Hellmut Krug, der Schiedsrichterchef bei der DFL, zollte dem Unparteiischen Stark ein großes Kompliment, dass er das Spiel noch beendete. "Das war eine Eskalation, wir können froh sein, dass es so glimpflich ausgegangen ist", sagte Krug. Es sei richtig gewesen, das Spiel nicht abzubrechen.

Stark muss starke Nerven zeigen

Trotz der unschönen Szenen am Ende des Spiels feierten die Fortuna-Profis das Comeback in der Bundesliga ausgiebig. "Das ist unglaublich. Ganz Düsseldorf hat es verdient", freute sich Abwehrchef Assani Lukimya. Schon nach 25 Sekunden schürte Maximilian Beister mit seinem Tor aus gut 22 Metern zum 1:0 die Vorfreude auf die Rückkehr in Liga eins.

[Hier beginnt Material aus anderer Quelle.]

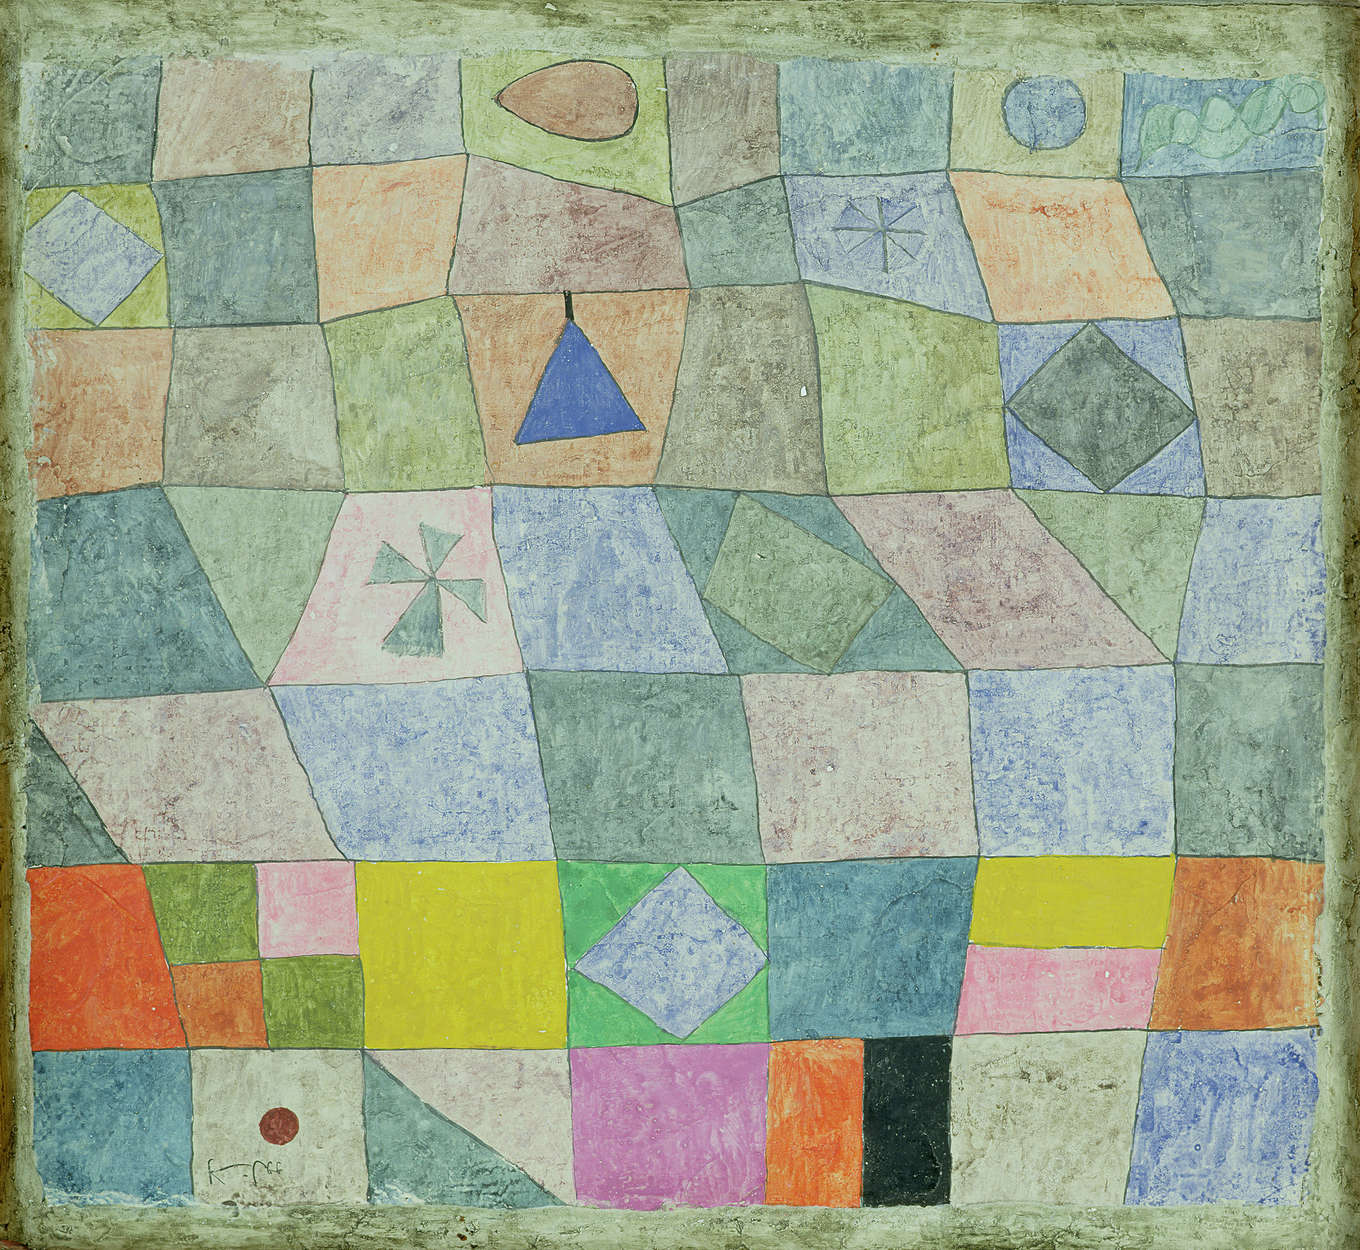             Papier peint panoramique "Jeu amical" de Paul Klee

Änis Ben-Hatira (23.) konnte zum 1:1 ausgleichen, doch dem in der Pause eingewechselten Ranislav Jovanovic gelang in der 59. Minute mit dem 2:1 die Aufstiegs-Vorentscheidung. In der 85. Minute erzielte Rafael für Hertha zwar noch den Ausgleich, doch nach dem 1:2 aus dem Hinspiel reichte das Unentschieden nicht zum Klassenverbleib.

Die Skandalpartie hatte auch außerhalb des Stadions noch Folgen. In einem vom Verein eingesetzten Sonderzug wurde ein Waggon derart zerstört, dass dieser im Bahnhof Hamm abgekoppelt werden musste. Laut Angaben der Bundespolizei Münster wurden Scheiben eingeschlagen, auch Pyrotechnik sei bei der Einfahrt aus dem Zug heraus gezündet worden. "Es werden Strafverfahren wegen Sachbeschädigung eingeleitet", sagte Polizeisprecher Rainer Kerstiens. Die Weiterfahrt des Zuges hatte sich aufgrund von Rangierarbeiten und "Kommunikationsproblemen bei der Bahn" um drei Stunden verzögert. Festnahmen gab es keine.

Ansonsten sind die befürchteten Ausschreitungen nach dem Spiel ausgeblieben. "In Düsseldorf ist ausgiebig gefeiert worden, dabei hat es aber keine Probleme gegeben, die in irgendeiner Form eine besondere Einsatzlage erforderlich gemacht hätten", sagte ein Sprecher der Polizei Düsseldorf.